# Diabetes prediction: gradient boosting

## Notebook set-up

In [None]:
import pickle
import numpy as np
import pandas as pd
import seaborn as sns
import matplotlib.pyplot as plt
from sklearn.model_selection import cross_val_score, GridSearchCV
from sklearn.metrics import accuracy_score, confusion_matrix, ConfusionMatrixDisplay
from sklearn.ensemble import GradientBoostingClassifier

import configuration as config
import functions as funcs

## 1. Data preparation

### 1.1. Load data from disk

In [None]:
with open(config.DATA_FILE, 'rb') as input_file:
    dataset=pickle.load(input_file)

training_df=dataset['training']
testing_df=dataset['testing']

### 1.2. Inspect

In [None]:
training_df.head()

## 3. Baseline model

In [None]:
model=GradientBoostingClassifier()
model.fit(training_df.drop('Outcome', axis=1), training_df['Outcome'])
accuracy=accuracy_score(model.predict(training_df.drop('Outcome', axis=1)), training_df['Outcome'])*100
print(f'Accuracy of gradient boosting model: {accuracy:.1f}%')

In [None]:
cross_val_scores={
    'Model': [],
    'Score': []
}

scores=cross_val_score(
    model,
    training_df.drop('Outcome', axis=1),
    training_df['Outcome'],
    cv=7,
    n_jobs=-1
)

cross_val_scores['Model'].extend(['Baseline']*len(scores))
cross_val_scores['Score'].extend(scores)

print(f'Cross-validation accuracy: {np.mean(scores)*100:.1f} +/- {np.std(scores)*100:.1f}%')

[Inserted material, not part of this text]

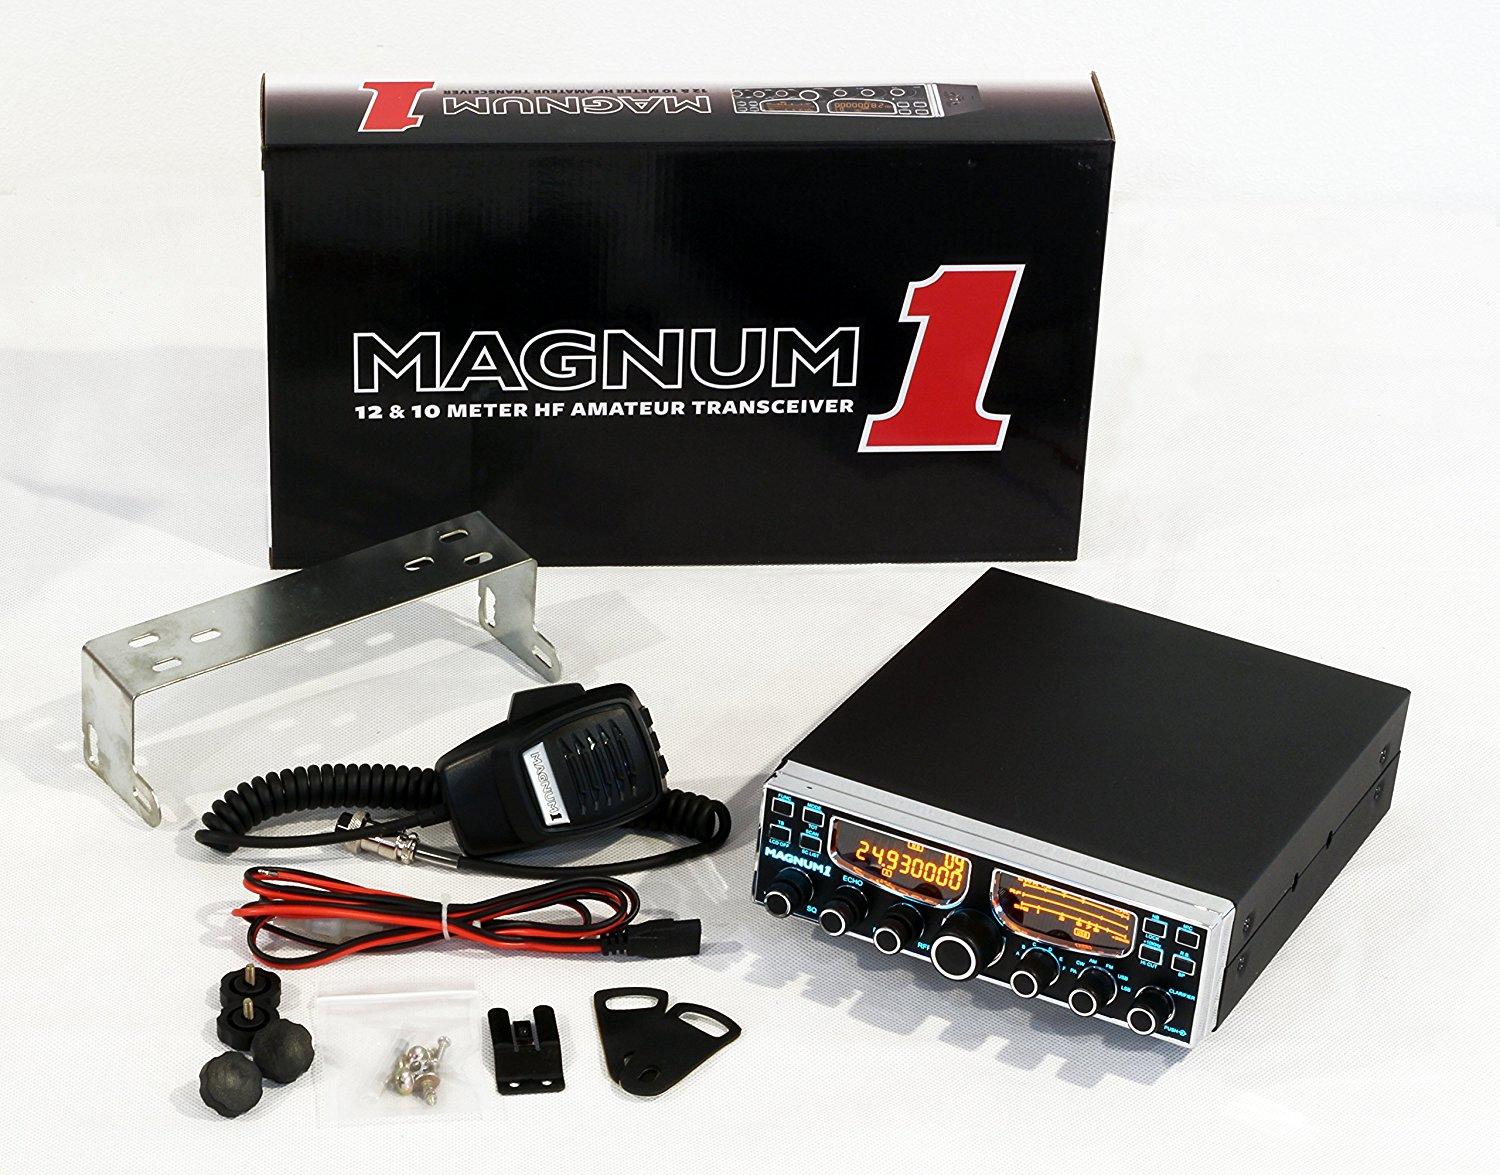 Magnum Magnum 1 Mobile Amateur Radio (Dual Band 10 and 12 Meter)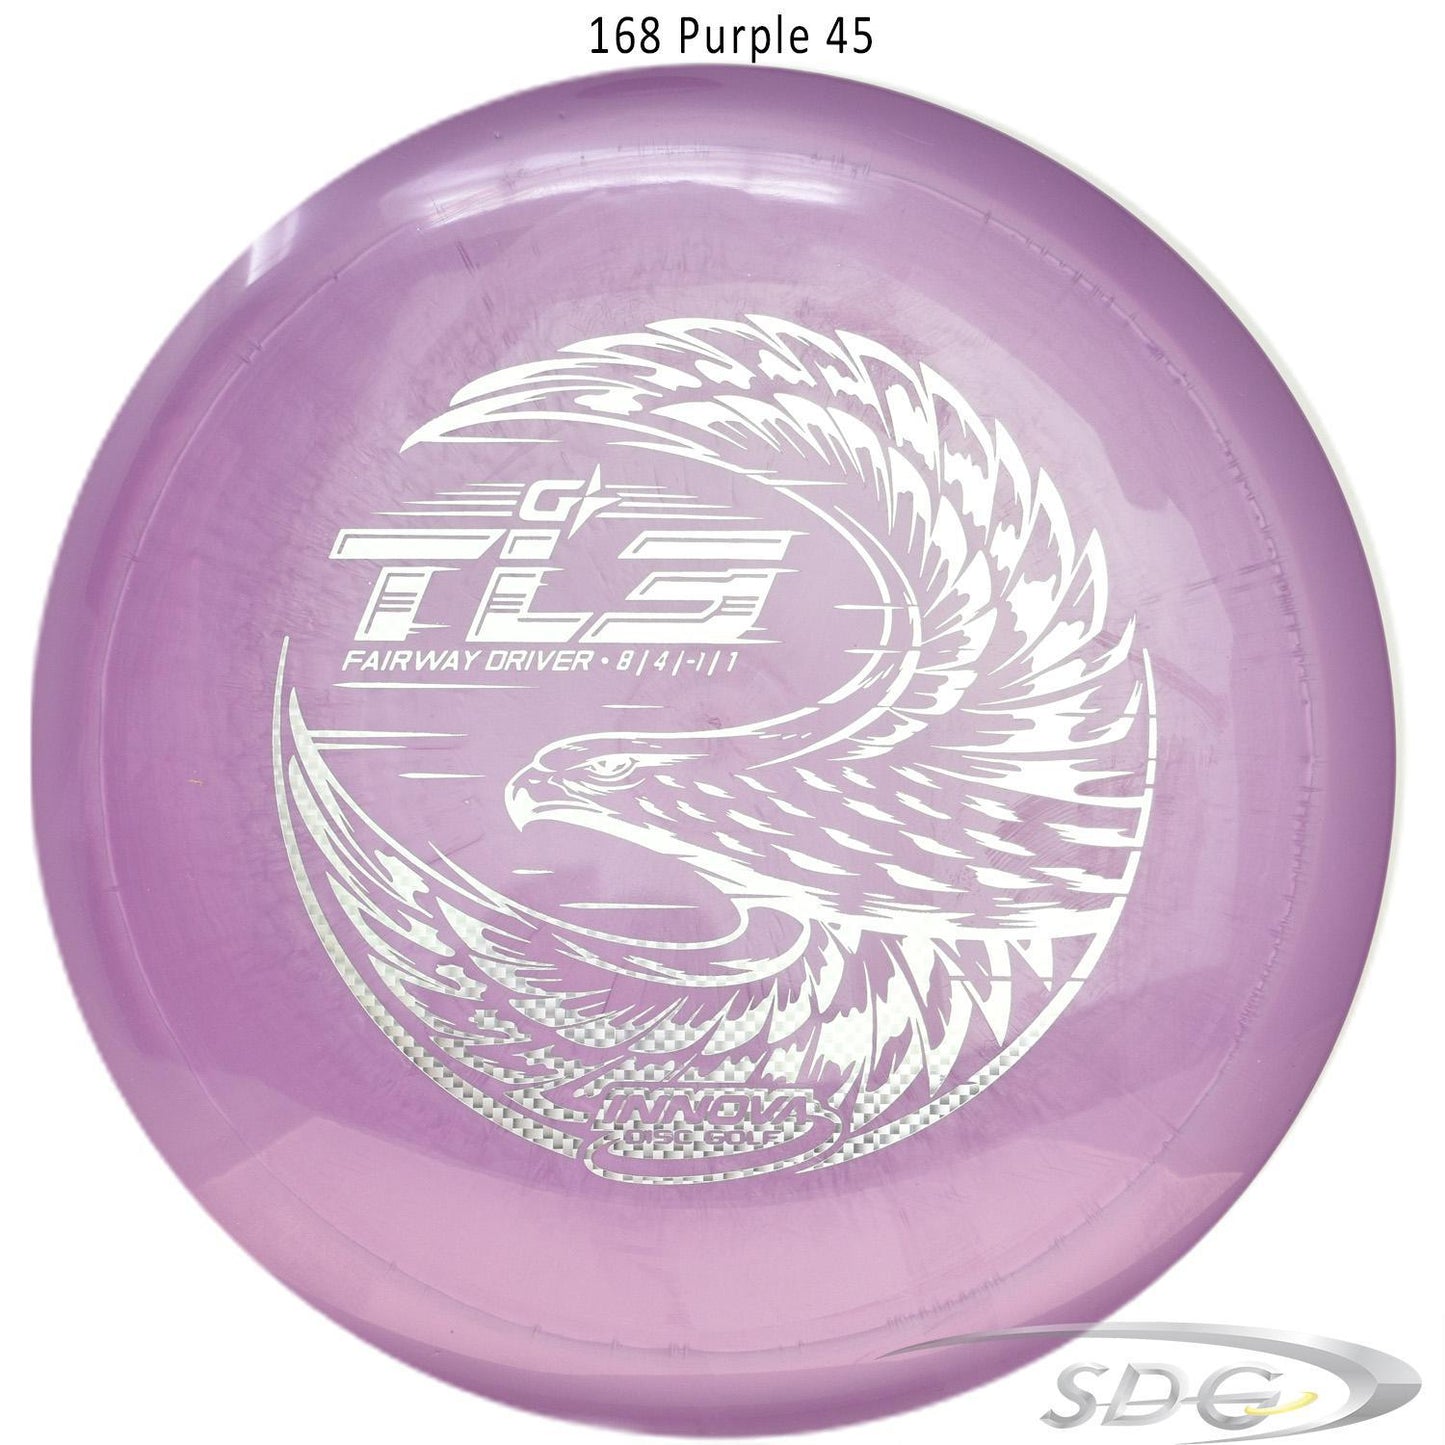 innova-gstar-tl3-disc-golf-fairway-driver 168 Purple 45

## 4. Hyperparameter optimization

### 4.1. Hyperparameter grid search

In [None]:
%%time

hyperparameters={
    'n_estimators':[50,100,200],
    'criterion':['gini','entropy','log_loss'],
    'max_depth':[4,8,16],
    'min_samples_split':[2,4,8],
    'min_samples_leaf':[1,2,4],
    'min_weight_fraction_leaf':[0.001,0.01,0.1],
    'max_features':[0.25,0.5,0.75],
    'min_impurity_decrease':[0,0.0001,0.001],
    'ccp_alpha':[0.0,0.0001,0.001,0.01],
    'class_weight':['balanced',None]
}

search=GridSearchCV(
    GradientBoostingClassifier(),
    hyperparameters,
    return_train_score=True,
    cv=7,
    n_jobs=-1
)

search_results=search.fit(training_df.drop('Outcome', axis=1), training_df['Outcome'])
model=search_results.best_estimator_
hyperparameters=search_results.best_params_

print('Best hyperparameters:\n')

for key, value in search_results.best_params_.items():
    print(f' {key}: {value}')

print()


### 4.2. Hyperparameter optimization results

In [None]:
funcs.plot_cross_validation(search_results)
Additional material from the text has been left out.